Retype, exactly as they appear below, the lines between the line holding "MINI TUBE FAN" and the line holding "JBL Quantum 800 headset", both ends included.

▶ _Entries taken from a collection_
/---

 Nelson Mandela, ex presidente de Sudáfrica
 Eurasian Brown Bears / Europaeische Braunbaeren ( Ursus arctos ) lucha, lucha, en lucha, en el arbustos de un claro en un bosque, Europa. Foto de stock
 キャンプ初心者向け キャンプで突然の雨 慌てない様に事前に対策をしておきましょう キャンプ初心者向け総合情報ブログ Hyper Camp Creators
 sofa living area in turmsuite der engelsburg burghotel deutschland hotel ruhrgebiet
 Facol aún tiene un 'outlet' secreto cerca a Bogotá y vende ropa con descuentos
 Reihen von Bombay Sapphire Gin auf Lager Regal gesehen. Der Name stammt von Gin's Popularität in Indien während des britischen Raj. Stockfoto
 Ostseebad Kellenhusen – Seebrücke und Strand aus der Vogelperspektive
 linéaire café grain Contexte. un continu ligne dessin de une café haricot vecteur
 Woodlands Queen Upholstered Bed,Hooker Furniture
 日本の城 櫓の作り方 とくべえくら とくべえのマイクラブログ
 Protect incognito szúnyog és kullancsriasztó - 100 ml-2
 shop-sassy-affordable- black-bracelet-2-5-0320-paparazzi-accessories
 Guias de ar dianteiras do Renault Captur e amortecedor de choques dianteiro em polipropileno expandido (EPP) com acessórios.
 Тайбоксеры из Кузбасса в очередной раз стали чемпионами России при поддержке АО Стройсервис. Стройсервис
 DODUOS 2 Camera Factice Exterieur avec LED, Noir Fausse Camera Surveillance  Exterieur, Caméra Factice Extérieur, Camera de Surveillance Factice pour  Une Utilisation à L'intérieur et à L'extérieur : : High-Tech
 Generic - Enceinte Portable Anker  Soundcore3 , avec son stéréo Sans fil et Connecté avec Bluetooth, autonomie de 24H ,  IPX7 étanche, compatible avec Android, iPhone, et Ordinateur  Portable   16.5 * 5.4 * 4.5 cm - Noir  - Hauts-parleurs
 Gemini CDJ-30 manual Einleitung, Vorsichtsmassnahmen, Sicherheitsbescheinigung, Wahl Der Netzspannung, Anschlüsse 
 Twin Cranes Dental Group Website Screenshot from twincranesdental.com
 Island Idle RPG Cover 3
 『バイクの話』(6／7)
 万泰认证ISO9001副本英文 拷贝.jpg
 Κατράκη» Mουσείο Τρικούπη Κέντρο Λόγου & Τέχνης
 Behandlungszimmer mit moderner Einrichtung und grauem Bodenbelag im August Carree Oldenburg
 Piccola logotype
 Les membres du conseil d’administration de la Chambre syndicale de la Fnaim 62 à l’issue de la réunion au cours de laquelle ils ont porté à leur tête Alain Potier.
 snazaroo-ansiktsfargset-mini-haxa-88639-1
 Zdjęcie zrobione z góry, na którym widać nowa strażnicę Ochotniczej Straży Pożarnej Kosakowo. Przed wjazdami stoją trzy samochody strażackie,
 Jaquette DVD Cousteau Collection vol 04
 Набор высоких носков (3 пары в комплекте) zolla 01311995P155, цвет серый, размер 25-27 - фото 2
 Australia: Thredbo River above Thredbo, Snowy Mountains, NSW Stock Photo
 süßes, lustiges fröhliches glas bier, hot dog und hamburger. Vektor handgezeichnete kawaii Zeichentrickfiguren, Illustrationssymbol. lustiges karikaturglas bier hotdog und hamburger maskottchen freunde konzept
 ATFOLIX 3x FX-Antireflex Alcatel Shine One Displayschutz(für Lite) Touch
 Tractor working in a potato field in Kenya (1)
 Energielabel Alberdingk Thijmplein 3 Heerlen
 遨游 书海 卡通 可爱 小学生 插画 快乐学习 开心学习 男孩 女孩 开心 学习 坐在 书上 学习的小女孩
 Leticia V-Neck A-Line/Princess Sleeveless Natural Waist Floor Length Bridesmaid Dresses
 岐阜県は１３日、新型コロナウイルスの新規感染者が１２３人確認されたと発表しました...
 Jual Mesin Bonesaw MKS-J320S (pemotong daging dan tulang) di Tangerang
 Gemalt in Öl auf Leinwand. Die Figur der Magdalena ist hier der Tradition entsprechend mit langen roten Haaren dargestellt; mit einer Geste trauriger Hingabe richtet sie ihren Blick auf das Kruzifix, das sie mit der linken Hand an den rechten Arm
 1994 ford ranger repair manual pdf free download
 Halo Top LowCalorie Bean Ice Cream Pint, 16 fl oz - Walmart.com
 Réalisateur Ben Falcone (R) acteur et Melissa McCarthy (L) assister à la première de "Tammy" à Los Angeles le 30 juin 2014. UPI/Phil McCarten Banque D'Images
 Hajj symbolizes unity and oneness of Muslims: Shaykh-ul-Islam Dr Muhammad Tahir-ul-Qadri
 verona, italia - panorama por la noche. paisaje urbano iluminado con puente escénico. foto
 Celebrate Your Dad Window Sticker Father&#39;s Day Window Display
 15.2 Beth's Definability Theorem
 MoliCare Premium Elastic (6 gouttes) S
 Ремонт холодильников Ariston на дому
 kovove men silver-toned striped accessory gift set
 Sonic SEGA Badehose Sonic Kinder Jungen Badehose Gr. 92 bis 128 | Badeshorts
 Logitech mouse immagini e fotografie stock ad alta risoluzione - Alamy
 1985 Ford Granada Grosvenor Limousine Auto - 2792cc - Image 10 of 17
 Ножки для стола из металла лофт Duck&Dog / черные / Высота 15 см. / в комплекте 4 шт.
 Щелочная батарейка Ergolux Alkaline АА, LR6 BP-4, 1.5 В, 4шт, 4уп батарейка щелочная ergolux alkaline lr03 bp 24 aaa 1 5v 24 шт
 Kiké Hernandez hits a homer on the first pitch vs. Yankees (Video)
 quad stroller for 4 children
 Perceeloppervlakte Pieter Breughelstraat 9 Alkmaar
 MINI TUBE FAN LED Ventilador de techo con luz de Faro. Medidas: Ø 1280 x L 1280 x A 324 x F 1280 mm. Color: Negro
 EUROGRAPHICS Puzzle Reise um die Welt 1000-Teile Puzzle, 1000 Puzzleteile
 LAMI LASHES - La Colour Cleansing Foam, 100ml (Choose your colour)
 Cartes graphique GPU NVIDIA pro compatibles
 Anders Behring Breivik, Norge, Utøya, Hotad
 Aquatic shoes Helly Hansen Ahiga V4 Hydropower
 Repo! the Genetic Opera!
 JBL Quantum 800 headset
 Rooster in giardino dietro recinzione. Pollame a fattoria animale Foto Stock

\---

▶ _Written solution_
 MINI TUBE FAN LED Ventilador de techo con luz de Faro. Medidas: Ø 1280 x L 1280 x A 324 x F 1280 mm. Color: Negro
 EUROGRAPHICS Puzzle Reise um die Welt 1000-Teile Puzzle, 1000 Puzzleteile
 LAMI LASHES - La Colour Cleansing Foam, 100ml (Choose your colour)
 Cartes graphique GPU NVIDIA pro compatibles
 Anders Behring Breivik, Norge, Utøya, Hotad
 Aquatic shoes Helly Hansen Ahiga V4 Hydropower
 Repo! the Genetic Opera!
 JBL Quantum 800 headset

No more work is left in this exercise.